/swh-check-repositories

Check archival status of a list of repositories

Primary LanguagePython

Process list of repository URLS that are potentially missing from SWH

Notice: the tool and process is tailored to GitHub, but it should be straightforward to adapt it for other forge technologies

Tools

get-repos-info.py take a list of github repository urls and output relevant information in the form of a semi-colon separated lines containing the following fields canonicalurl: canonical url of the repository on GitHub number of commits: number of commits (provides estimate of size of repository) lastcommitdate: date of last commit on GitHub swhlastvisit: date of last visit from SWH visitstatus: status of the last visit as returned by SWH status: summary of repository status, can be one of the following UPTODATE, TOUPDATE, NOTINSWH, NOTINGITHUB, NOWPRIVATEONGITHUB isfork: ISFORK if this repository is an explicit fork forkurl: url of the repository that has been forked to create this one sourceurl: url of the original repository at the root of the fork chain stars: number of stars on github

Example processing

From issue 5823 we get 28198 repository urls that failed git ingestion, in the file fulldata.txt; we want to get the relevant nonfork repositories to ingest.
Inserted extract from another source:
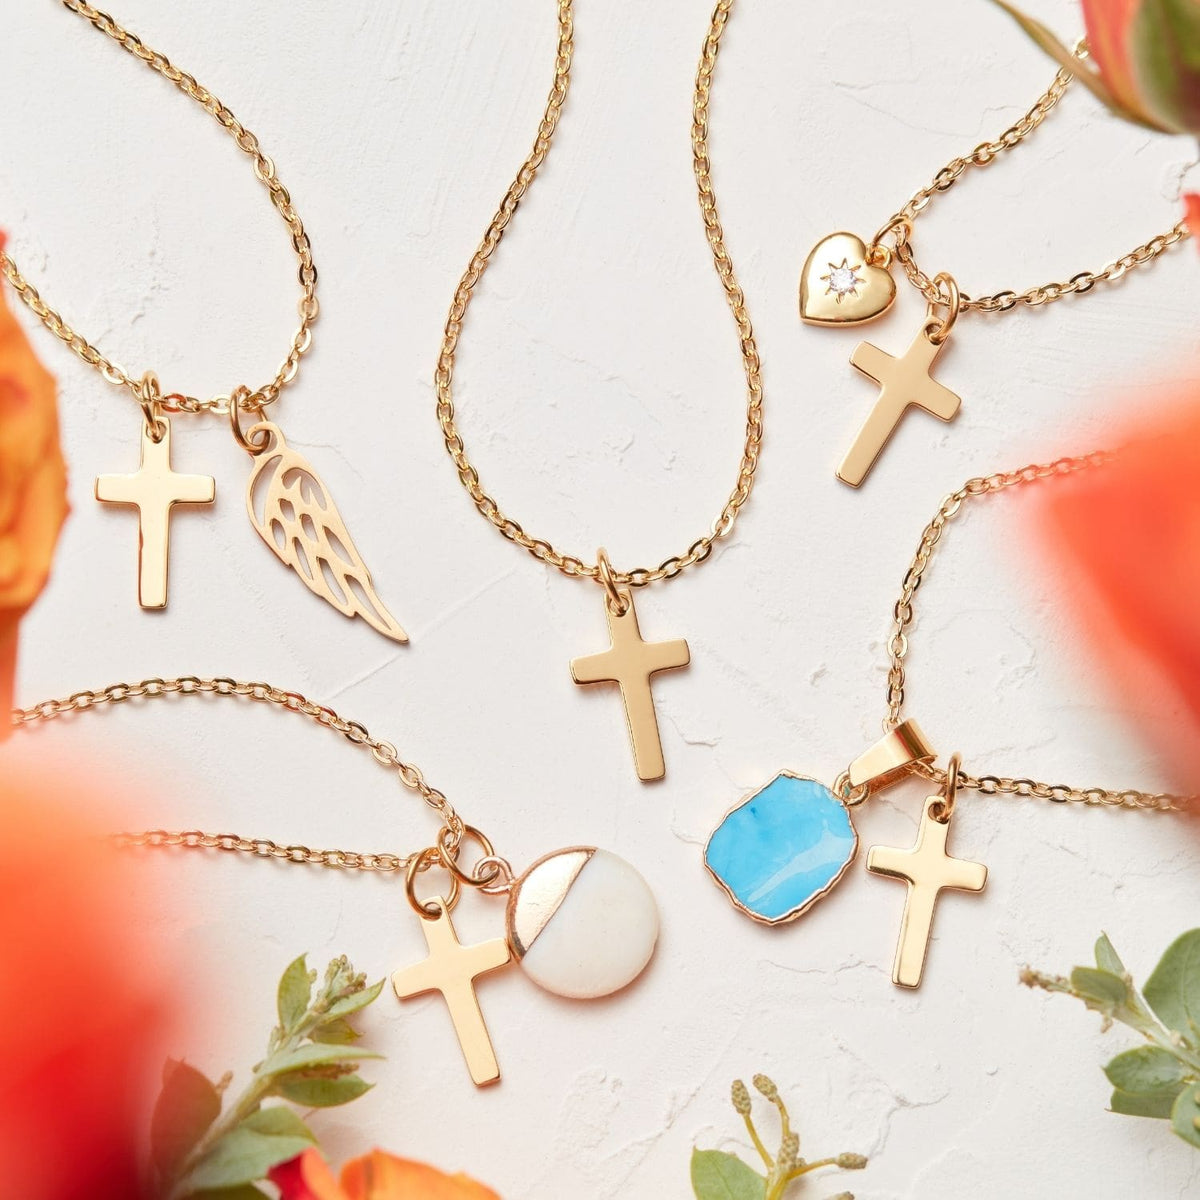 In Loving Memory of your Mom | Her Memory a Treasure | Cross Necklace

We need bearer tokens for the GH API and the SWH API, we suppose they are stored in the files github-token and swh-api-token respectively.

Step 1

python3 get-repos-info.py -t `cat github-token` -a `cat swh-api-token` fulldata.txt > fulldata.data 2>fulldata.log

Step 2

Extract the nonfork repositories that are still in GitHub, and sort them by number of stars

grep -v ISFORK fulldata.data | sed 's/;.*;/;/' | sort -t \; -k 2 -n -r | grep -v NOTINGITHUB > nonfork.list

Step 3

Extract original repository from fork projects

grep ISFORK fulldata.data | sed 's/.*ISFORK;//' | sed 's/[^;]*;//' | sed 's/;.*//' | sort -u > forked.txt

Step 4

Process the forked list, extract repos still to be archived, sort them by number of stars

python3 get-repos-info.py -t `cat github-token` -a `cat swh-api-token` forked.txt > forked.data 2>forked.log
egrep -v "NOTING|UPTODATE|NOWPRIVATE|TOUPDATE" forked.data | sed 's/;.*;/;/' | sort -t \; -k 2 -n -r 

Step 5

Merge with the nonfork.list

cat forked.list nonfork.list | sort -u > priority.list

Step 6

Remove number of stars

sed 's/;.*//' priority.list > priority.list.github

Step 7

Use priority.list.github to feed the loaders